However, Wilson lost his attempt to reduce the influence of Princeton’s undergraduate ‘eating clubs’ and to have the Graduate College constructed in the middle of campus. When Wilson left to enter politics, Fine became acting president in all but name, while also serving as President of the American Mathematical Society. Although Fine had loyally supported Wilson’s losing proposals and was a leading candidate to become president, he then loyally supported President John Grier Hibben for the rest of his career.
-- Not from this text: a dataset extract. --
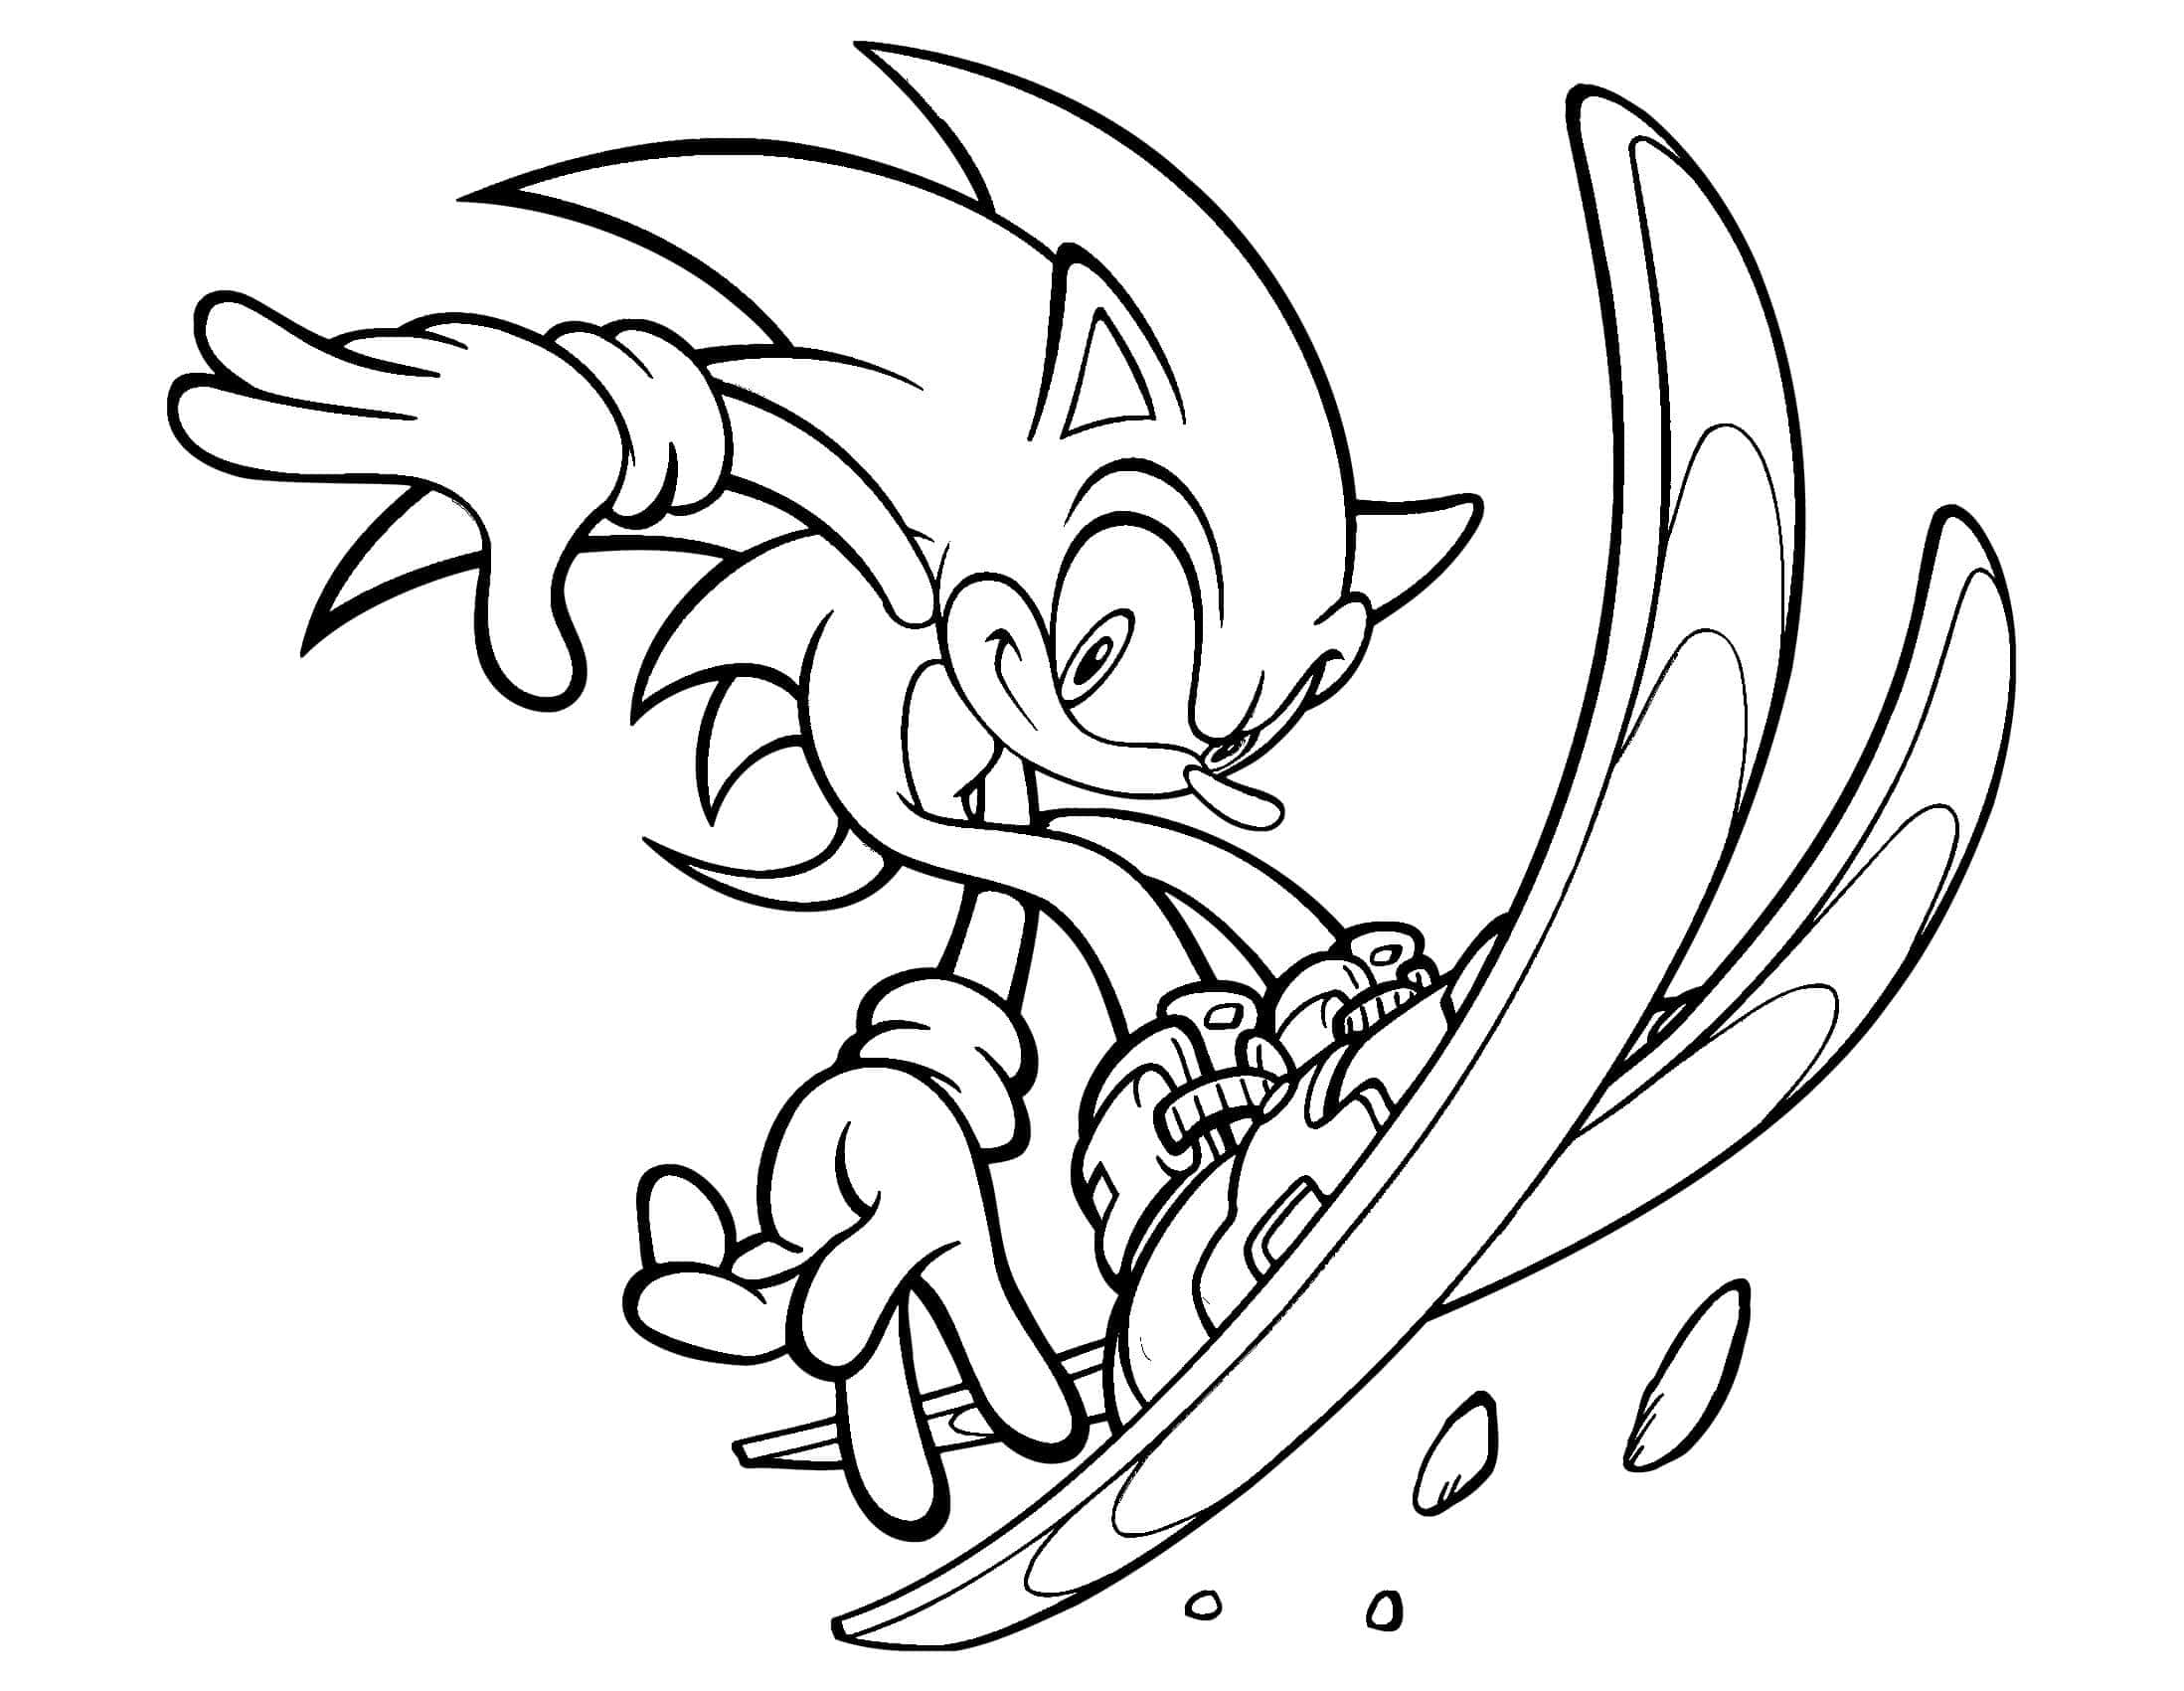 Página para colorir divertida do Sonic the Hedgehog para imprimir e colorir

With Hibben's ascendance, Fine became in reality what he had long been, Dean of the Departments of Science, a position he held until his death 1928. He remained deeply loyal to Princeton, turning down offers of the presidency of M.I.T. and Johns Hopkins University as well as Wilson’s offers to name him Ambassador to Germany and to the Federal Reserve Board.

Fine continued teaching, publishing leading textbooks and occasional articles, and building his departments. The Department of Mathematics’ prestige led, in 1921, to it hosting Albert Einstein’s first American lectures. In the 1920s, Fine was particularly successful in raising money from the General Education Board and Rockefeller Foundation to support Princeton’s growing science programs. As a consequence, in the 1920s only the University of Chicago attracted more National Research Council Fellowships and no Princeton application was rejected. In addition to his duties as Dean of Science, Fine served on numerous campus committees, especially chairing the Board of Athletic Control. In the community he served on and chaired the Board of Education for many years.
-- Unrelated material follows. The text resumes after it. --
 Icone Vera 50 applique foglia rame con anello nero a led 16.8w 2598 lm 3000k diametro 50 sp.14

His sister had founded Miss Fine’s School and his brother founded Princeton Preparatory School. Bicycling to visit the latter on a dark December evening in 1928 he was struck and killed by a car. In response, his close friend and wealthy Princeton Trustee, Thomas D. Jones, funded construction of Fine Hall, arguably the finest mathematics building in the country. Jones' response to cost overruns was "nothing is too good for Harry Fine. Finished in 1931, Fine Hall served as the first home of the new Institute of Advanced Study , and of its most distinguished faculty member, Albert Einstein, until its separate building was completed in 1939. The other founding faculty member, and the person who convinced the funders to situate the IAS in Princeton, was Oswald Veblen, one of Fine’s original preceptors. Whereas he had been drawn to Germany for his PhD in the 1880s, shortly after his death, Princeton University and the Institute of Advanced Study surpassed Göttingen as the world’s center of mathematical physics.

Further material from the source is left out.